Peran orang tua sangat besar pengaruhnya terhadap remaja. Remaja dalam keluarga yang bercerai lebih menunjukkan penyesuaian dibandingkan dengan keluarga remaja yang utuh dengan kehadiran orang tuanya. Orang tua yang sibuk, kualitas pengasuhan yang buruk, dan perceraian orang tua, remaja dapat mengalami depresi, kebingungan, dan ketidakmantapan emosi yang menghambat mereka untuk tanggap terhadap kebutuhan remaja sehingga remaja dapat dengan mudah terjerumus pada perilaku yang menyimpang seperti seks pranikah (Santrock, 2005).
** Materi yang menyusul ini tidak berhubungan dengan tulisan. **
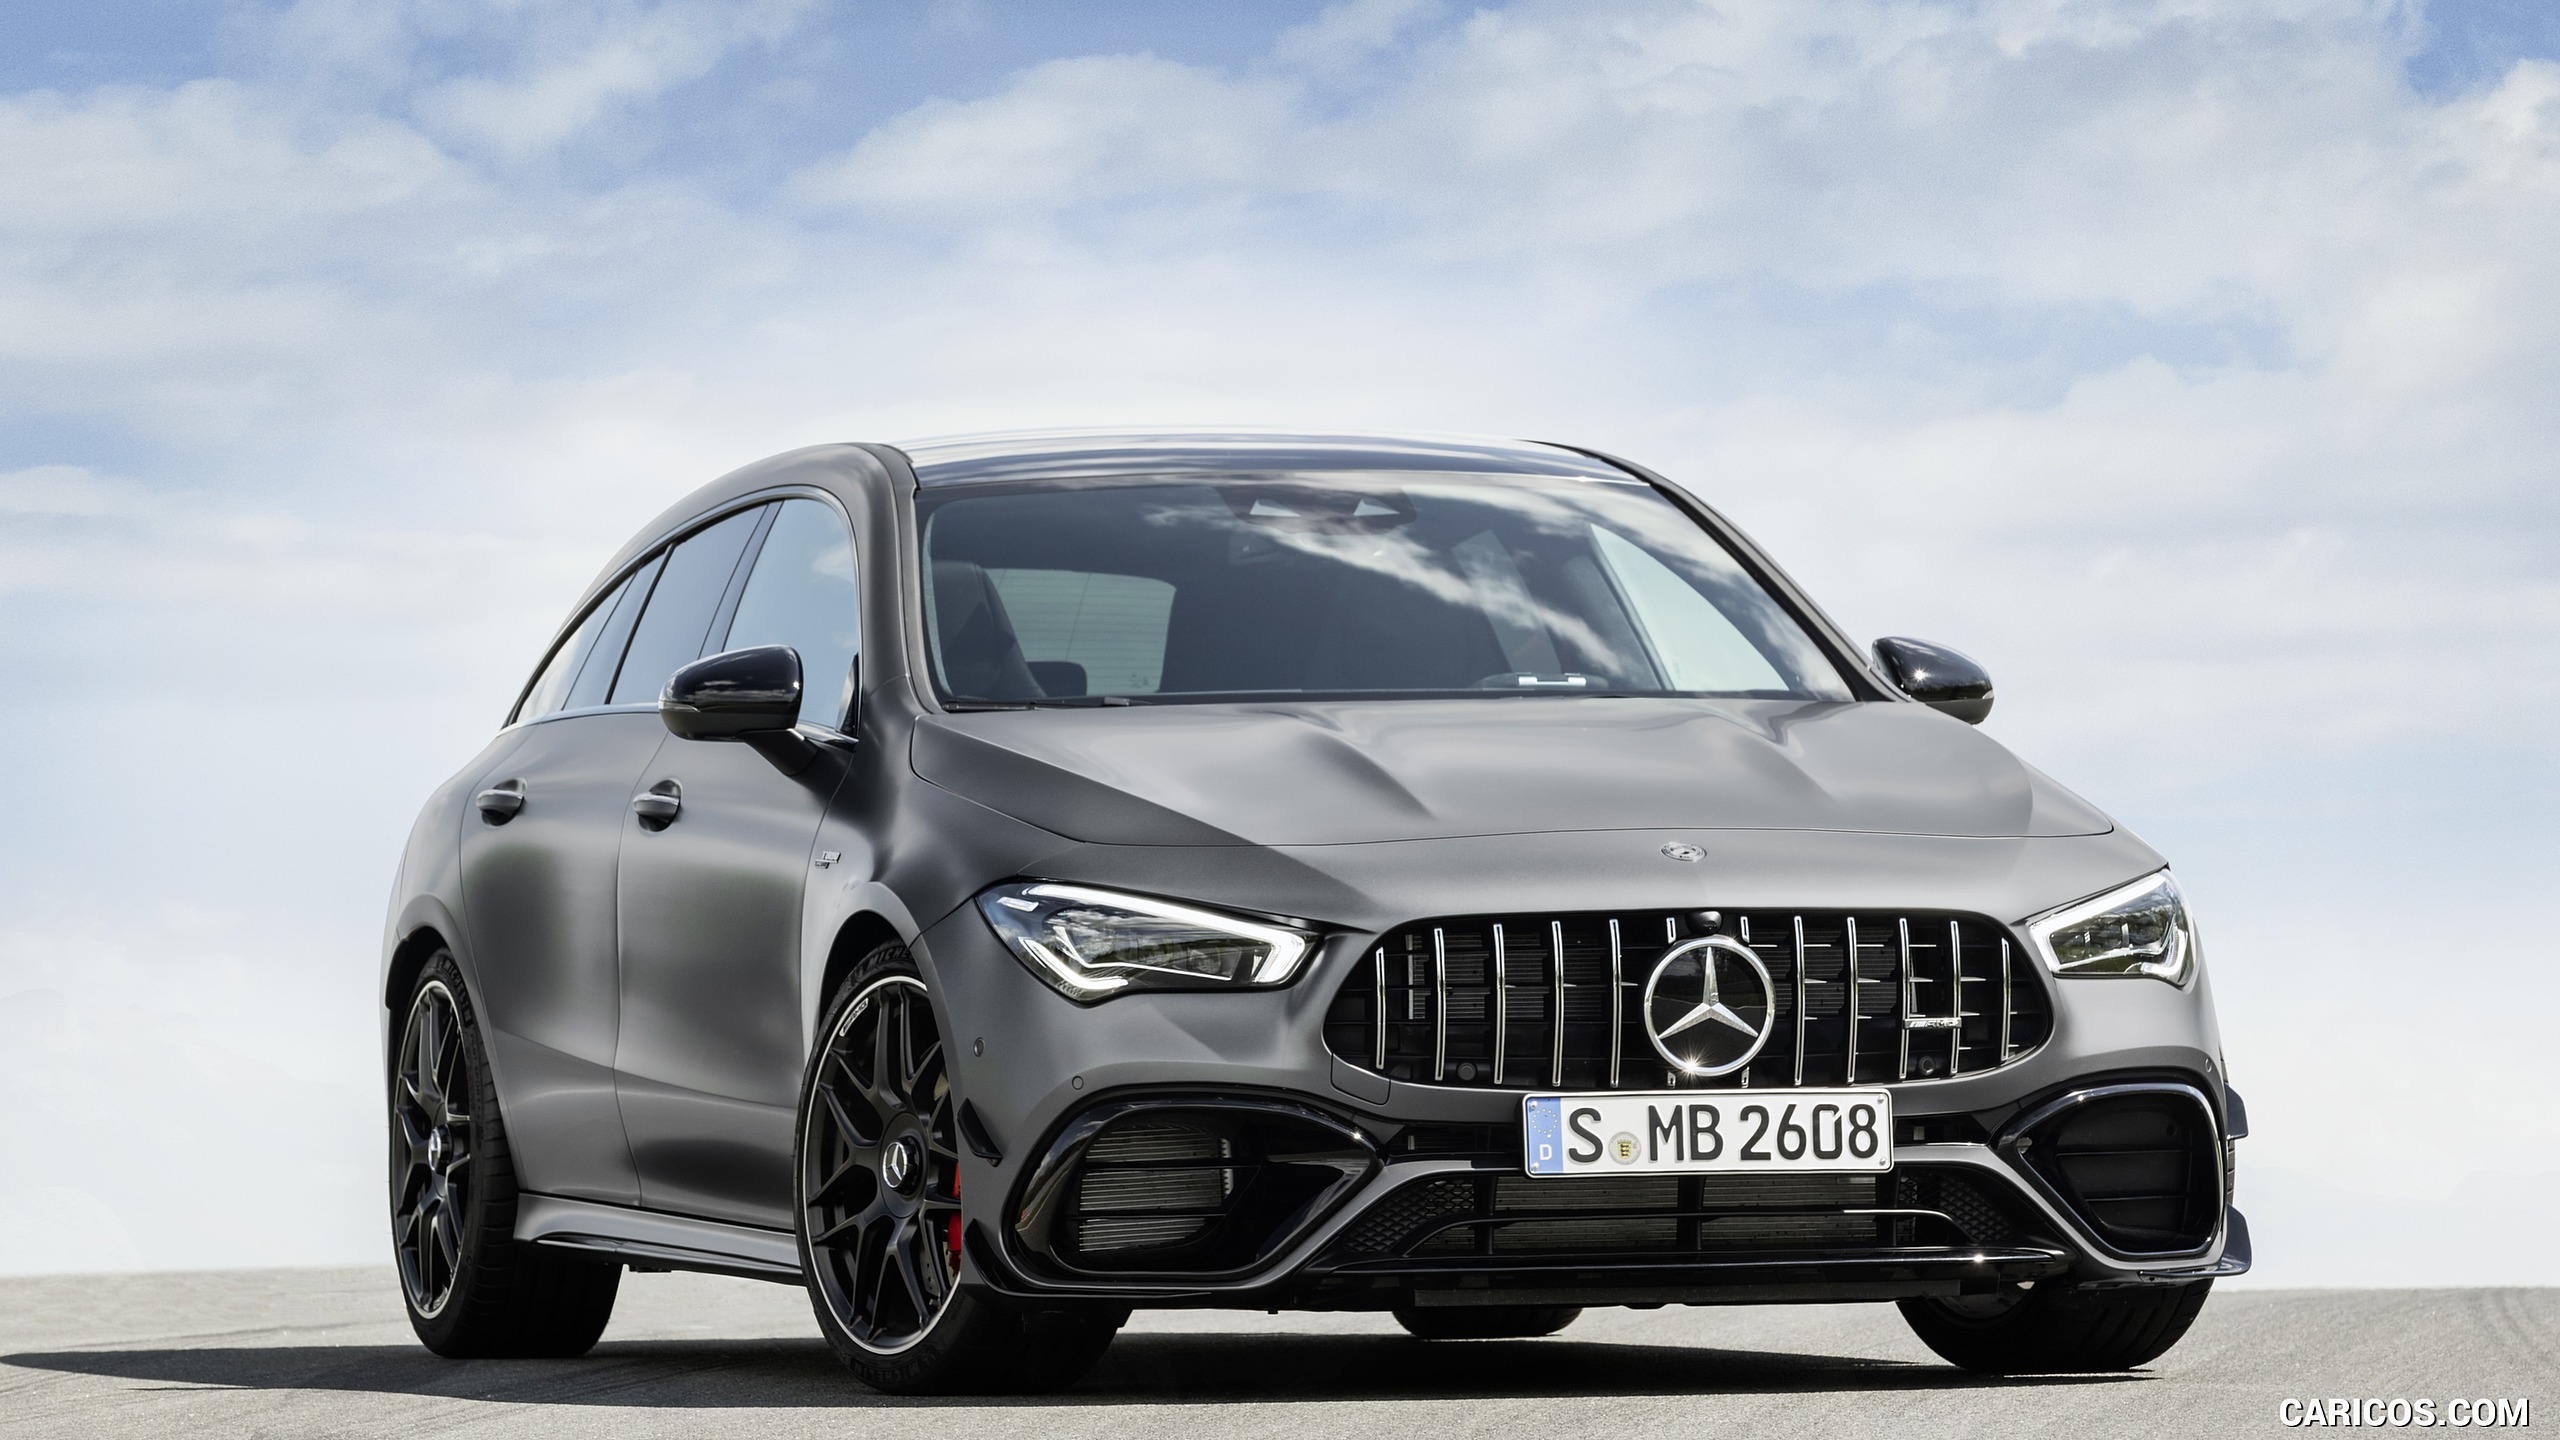 2020 Mercedes-AMG CLA 45 S 4MATIC+ Shooting Brake - Front Three-Quarter, #15 of 35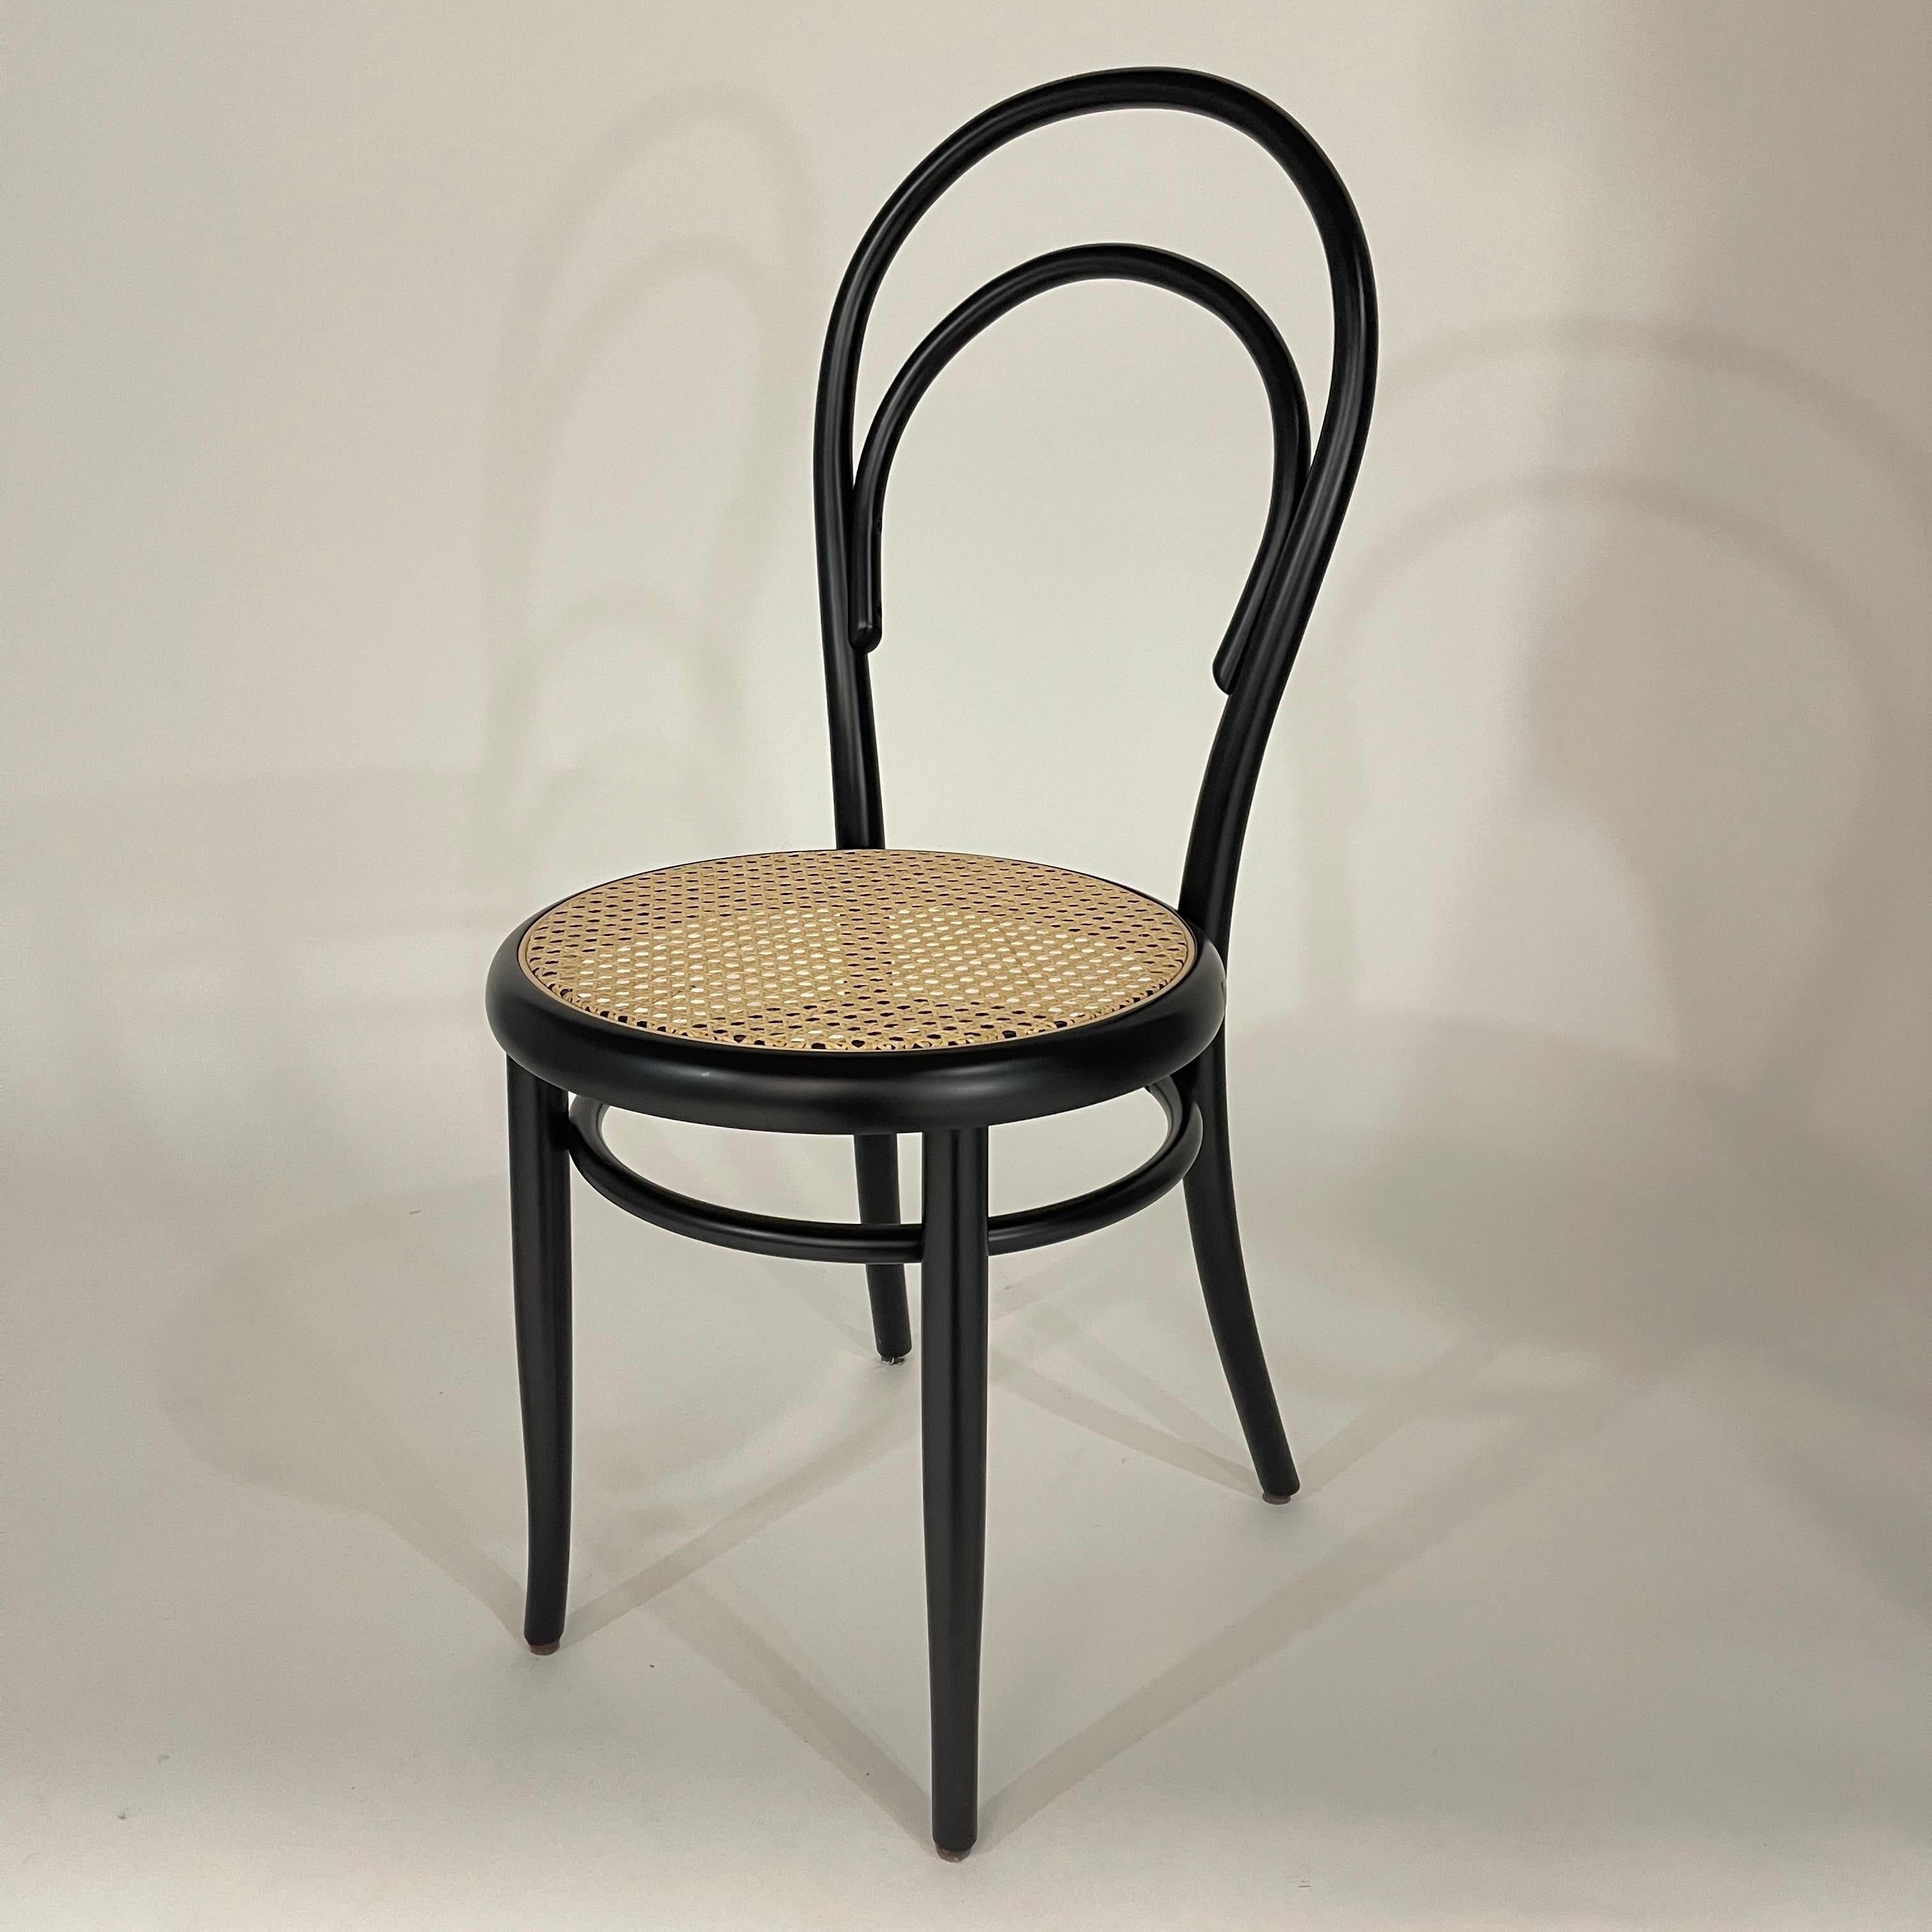 Iconic N. 14 Bistro dining chair or side chair designed by Michael Thonet, rendered in black painted beech bentwood frame with a woven wicker cain seat.  Austria

Konflik orang tua dengan remaja yang tarafnya sedang-sedang saja berperan sebagai fungsi perkembangan positif yang meningkatkan otonomi dan identitas. Sedangkan konflik berat menghasilkan berbagai hasil dampak yang negatif yang dapat mengganggu jiwa remaja sehingga dapat melakukan perilaku yang menyimpang seperti pergaulan bebas (Santock, 2002). Orang tua dalam memberikan informasi tentang seks pranikah kecil, kecilnya peranan orang tua untuk memberikan informasi kesehatan reproduksi dan seksualitas disebabkan oleh rendahnya pengetahuan orang tua mengenai kesehatan reproduksi serta masih menganggap tabu membicarakan tentang seks pranikah. Apabila orang tua merasa meiliki pengetahuan yang cukup mendalam tentang kesehatan
reproduksi, remaja lebih yakin dan tidak merasa canggung untuk membicarakan topik yang berhubungan dengan masalah seks pranikah (Hurlock, 2004). Sehingga dibutuhkan komunikasi yang baik antara orang tua dengan remaja untuk membicarakan masalah seks pranikah.